After fifteen hours on the Newcastle-Amsterdam ferry I was hungover for ‘Over hang’ at W139. I arrived, then, in the dual traditions of ‘creatives’ who’ve found that a bastard behind the eyes enables a more corpuscular encounter with art and tourists ruining Amsterdam for the locals. Or maybe, as this show, curated by exhibiting artist Dan Walwin, plausibly evokes, our current technologically-enabled post-human world is one unshakable hangover of customs, habits and feelings. On this complicated, junked planet, there are so many reasons to reimagine life and to entertain pastoral fantasies.

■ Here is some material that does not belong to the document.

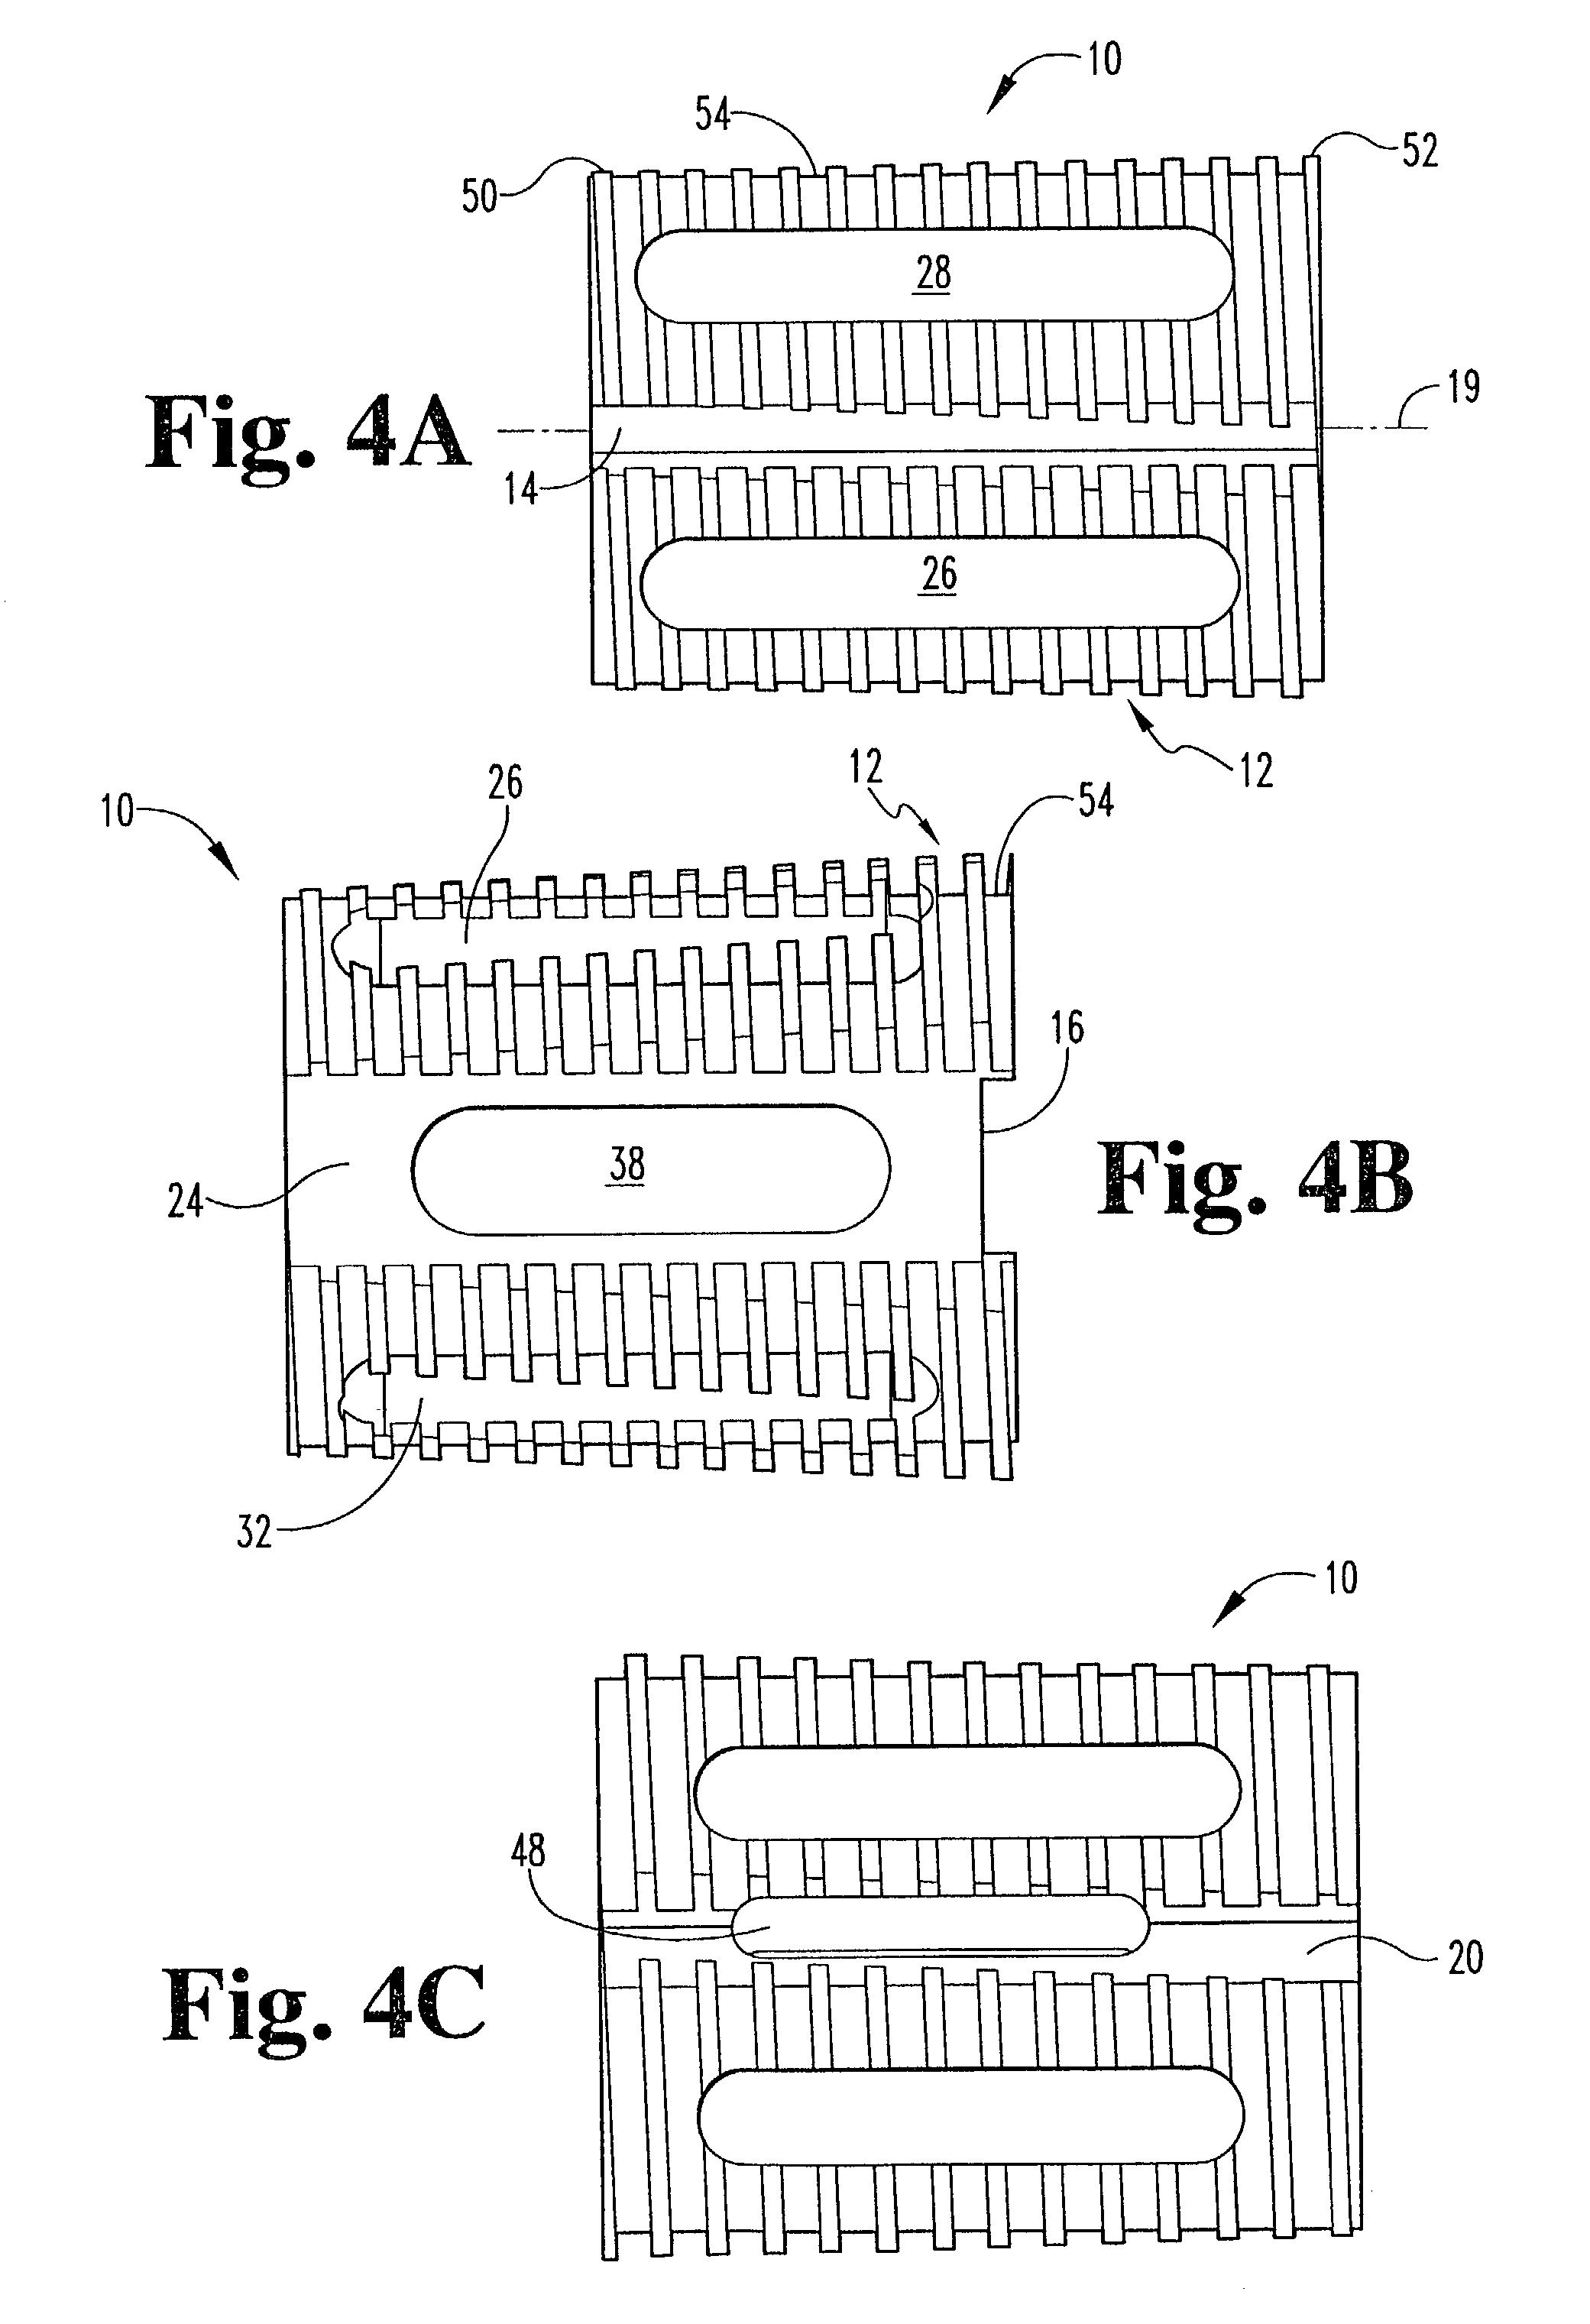 Interbody fusion device with anti-rotation features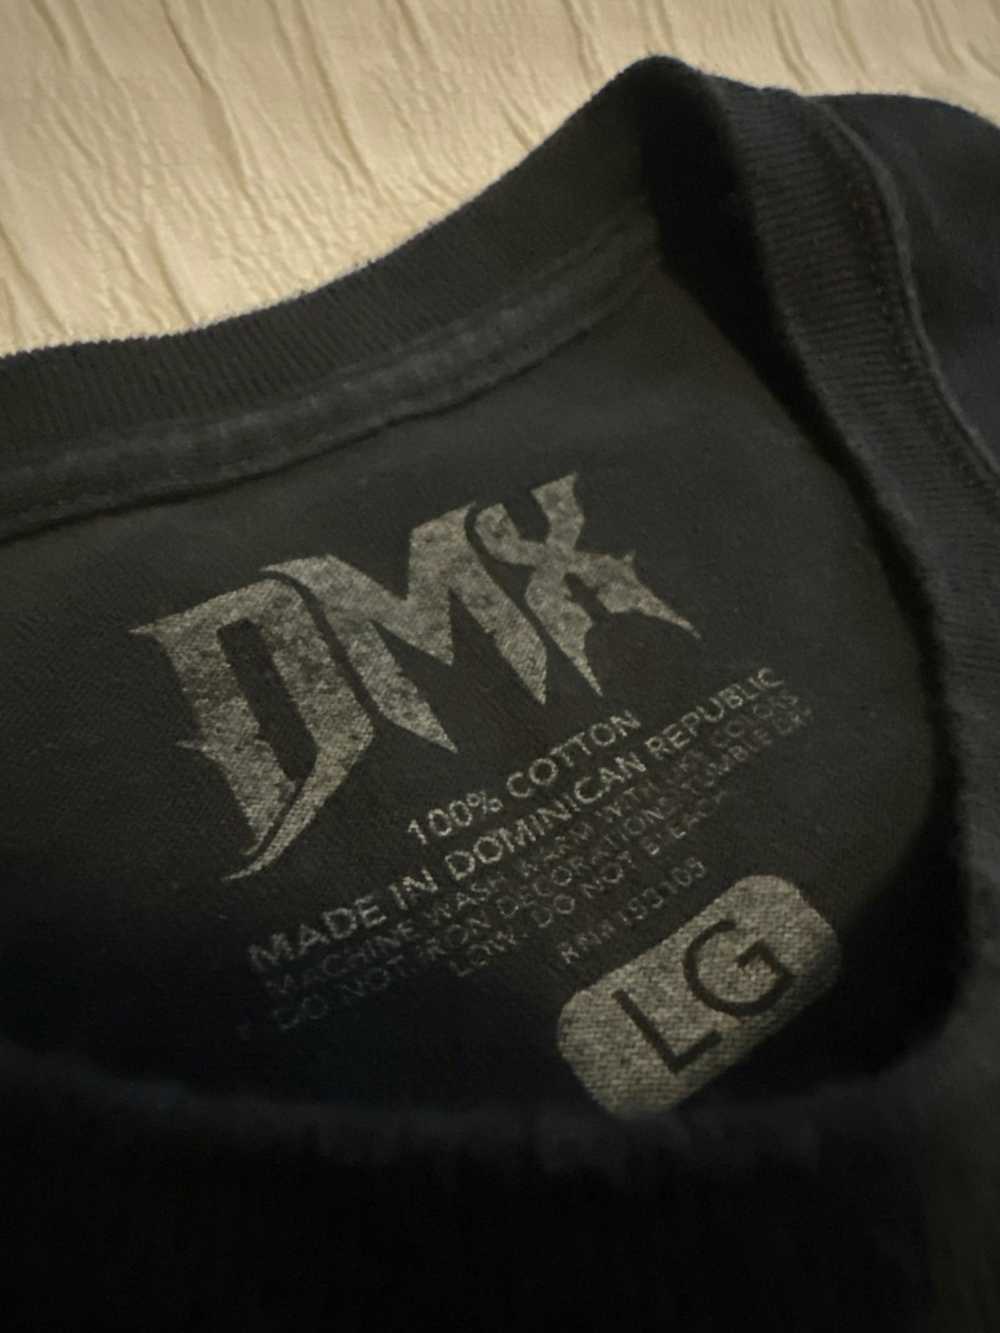 Other DMX graphic Tee - image 2

At the gallery entrance, marked by a felt drape embroidered clumsily with the title ‘over hang’, Jacob Dwyer’s soundwork, Keith’s Arcadia (2017), grounds the show in that mythical land. A sleight of the psychotic-geographer, its setting is not, however, the Peloponnese mountains but a Croydon shopping centre besieged by a rioting mob that’s already kicked in a betting shop. As the mob advances on the narrator, protected behind locked sliding doors, the centre’s reflection on the glass – a rear view on history – reveals elevators as waterfalls and a cold-blooded lizard, given to him by Keith, scurrying into the mountains. Only when a traffic cone thrown at the window lodges half in and half out does the crowd disperse, transfixed by this theological vision.
A warped graphic of the suspended cone, one of several such images in the show, appears unattributed on the wall nearby. Every work in ‘Over hang’ is either wall-mounted or issues from the ceiling, hanging in suspension. Such self-aware, occasionally confounding interventions are of a piece with light filters casting the space in gloaming and a modular seating system around its perimeter. Prosaically, it’s a practical solution for viewing so much video work, but the dank mise-en-scène perfectly frames the dreadful ennui of Jean Hubert’s computer-generated survivalist horror Waiting For Sleep (Part One) (2016). ‘I’m very careful. I don’t get bored. I read. I watch things on the internet. I build the fences’, the housebound protagonist explains to his mother on the phone, ‘It’s not penitence.’ Two baying zombies lurk at the perimeter of his suburban home. The work’s floating point-of-view circles this strange island, clumsily passing through objects, suggesting nothingness beyond the animation’s mesh. The protagonist texts someone who never replies and we recognize this thing’s lack of awareness of its sublime isolation.
Intermittently, an auto-tuned whimper, like some injured synthetic animal, resounds through the gallery, echoing in the cavernous rear space. It animates the hanging rows of works and video screens that give the route there a distinct feel of the abattoir. In Green Peace (2017), Franziska Schulz’s large patchwork leather constructions, made from the hides of fly-tipped sofas, hang by red nylon rope, the splayed pelts of imaginary animals. Parallel to this, hanging in loose fronds, Charlott Weise’s red-wine stained canvas is a mellifluous vision of Paolo Uccello and Hilma Af Klint via Hieronymus Bosch, a bruised schema of black bounding hounds and octopi merging with geometrical orbs. Those whimpering abattoir blues are the soundtrack of Marcia Gratton’s aphoristic video work Wisp (2016), which hangs among the service pipes. Ironically, Wisp documents the havoc whipped up by a dust devil somewhere in America: a weird flailing gazebo takes a ride on a spinning gyre of trash, lashing SUVs and a man in a cow costume.
Riffing on the ‘anthropocene’, scientists have recently called our era the ‘plasticine’, citing the pervasiveness of plastic in the Earth’s ecosystem, from invisible microbeads in water supplies to the vast marine gyres in the Atlantic. Rustan Söderling takes us here in his spectacular CGI video, Eternal September (2016). Like Hubert’s animation, Söderling’s work is indebted to the horror genre of survivalism. Where the former’s work is a somewhat shonky ‘period’ CGI, the latter’s is stunningly realistic, looking through the blinking eyes of its protagonist. This disembodied super-mobile megalomaniac viewpoint moves across watery paradisiacal landscapes littered with the wreckage of civilizations and modern apartments stacked with water bottles. When we’re in the gyre’s eye we look up to catch an aircraft flying off. It’s a familiar trope of survivalism: fleeing the planet in the wake of environmental catastrophe. Will the superrich experience hangovers in space?